→ Material provided:
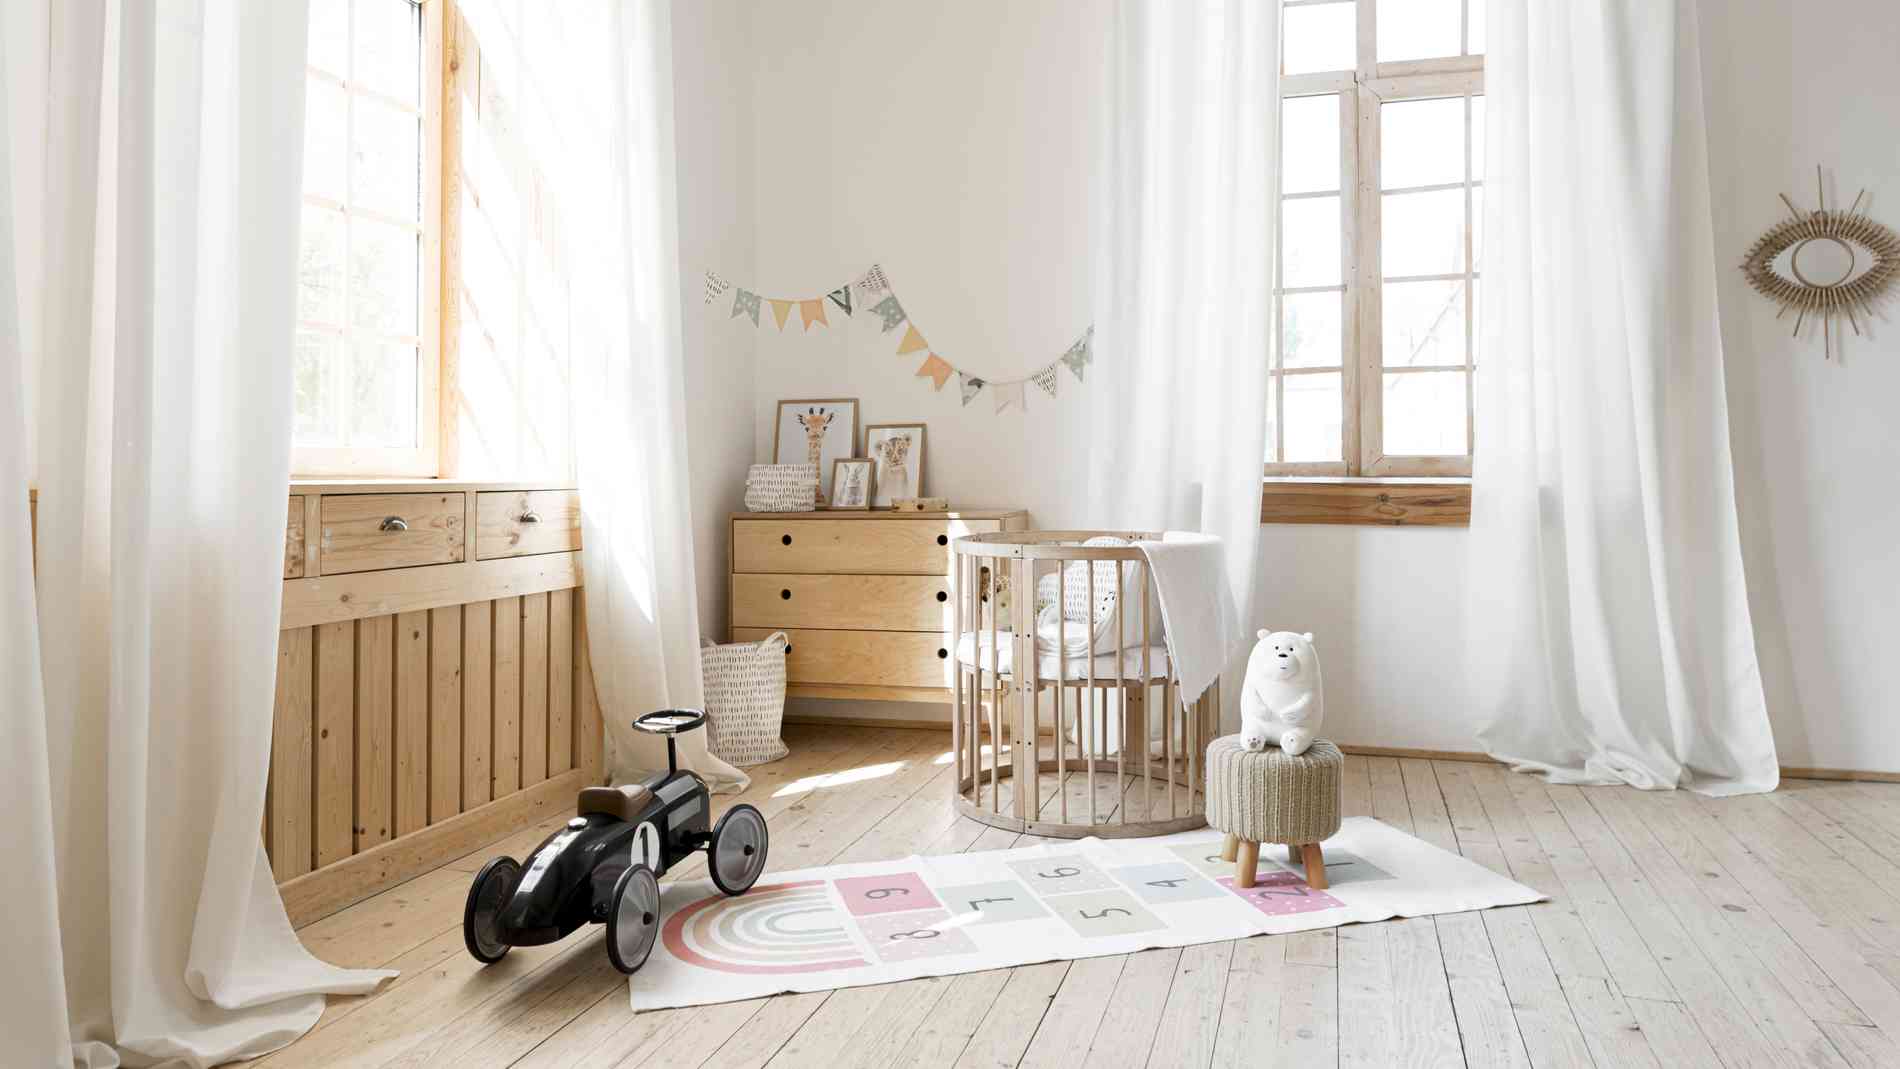 Modelo cortina quarto infantil - Freepik
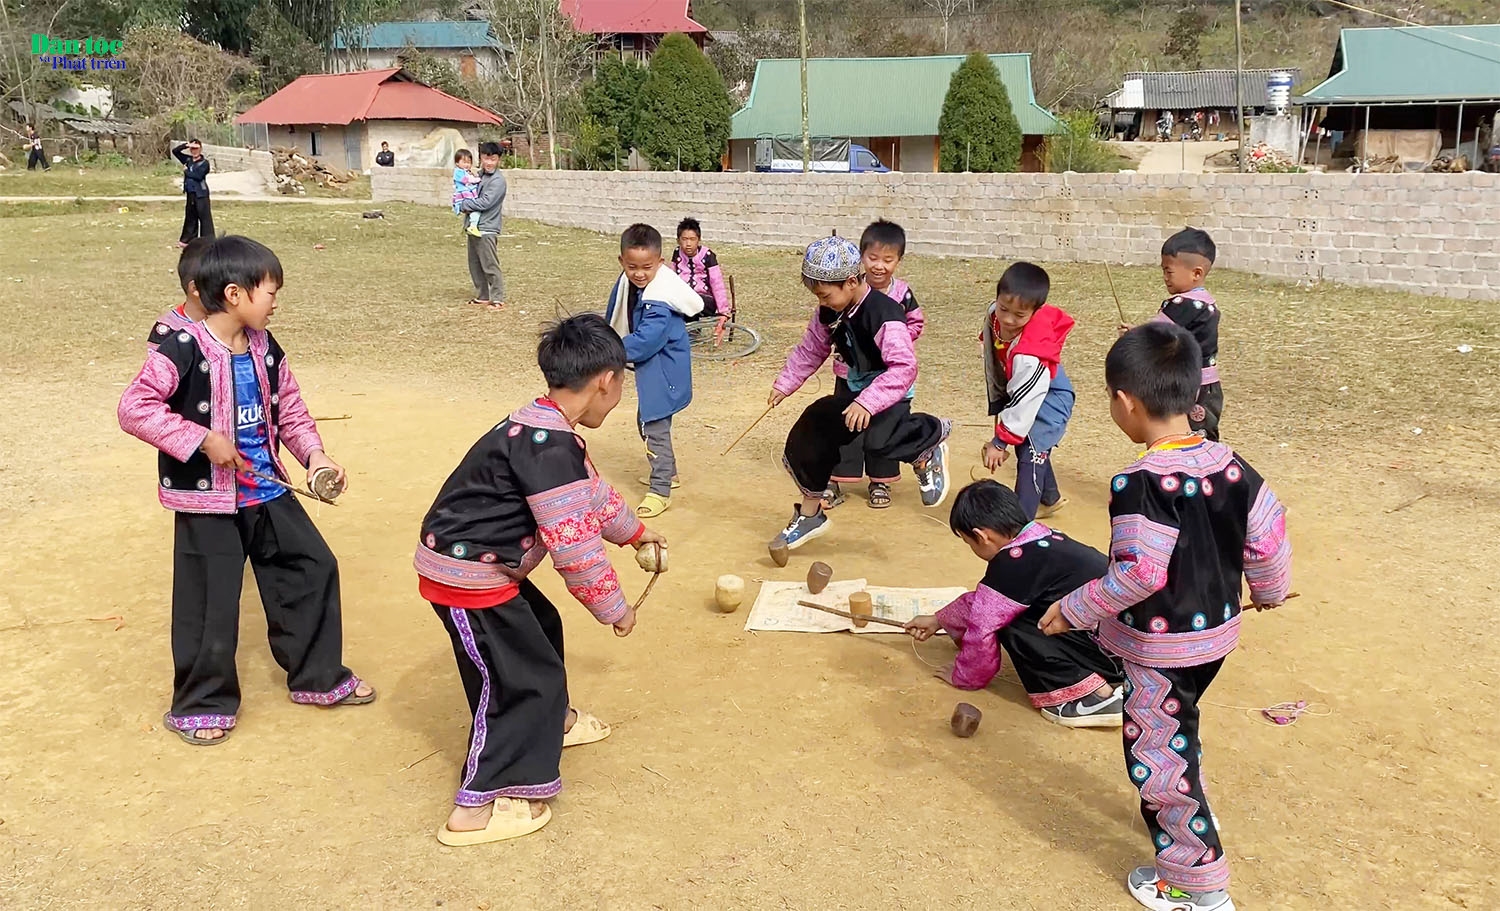 Đánh tù lu là trò chơi truyền thống trong các dịp lễ hội của người Mông, được các bé trai yêu thích.
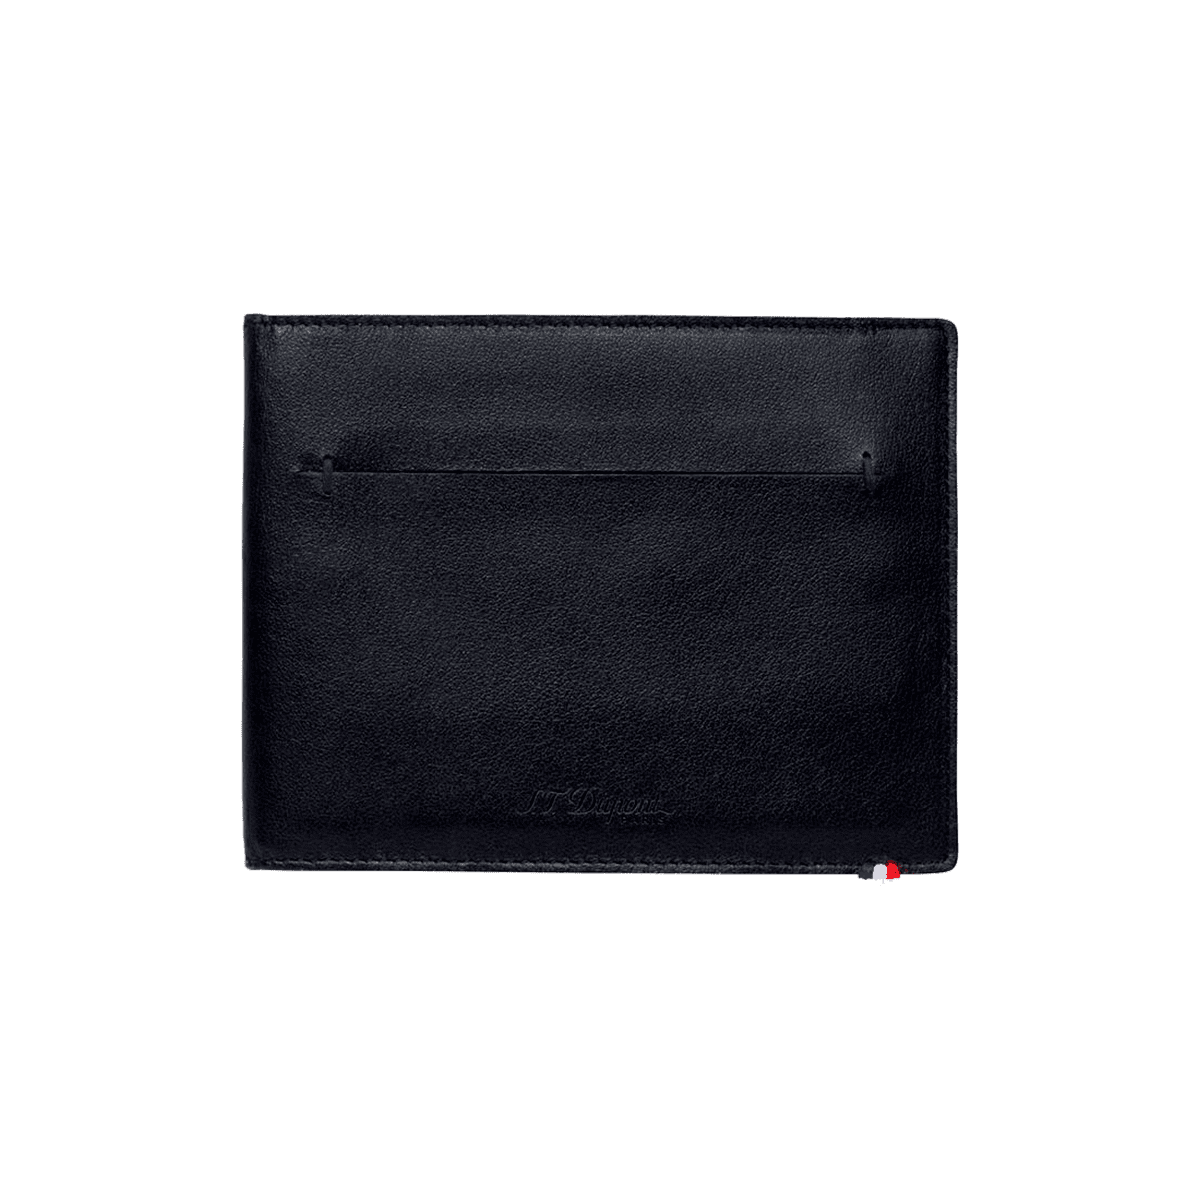 Портмоне Line D Slim 184000 Цвет Чёрный Гладкая кожа, семь отделений для кредитных карт | S.T. Dupont

→ Exercise brief: Repeat the material exactly. Any picture in it should be dropped.

→ Result of this task:
 Modelo cortina quarto infantil - Freepik
 Đánh tù lu là trò chơi truyền thống trong các dịp lễ hội của người Mông, được các bé trai yêu thích.
 Портмоне Line D Slim 184000 Цвет Чёрный Гладкая кожа, семь отделений для кредитных карт | S.T. Dupont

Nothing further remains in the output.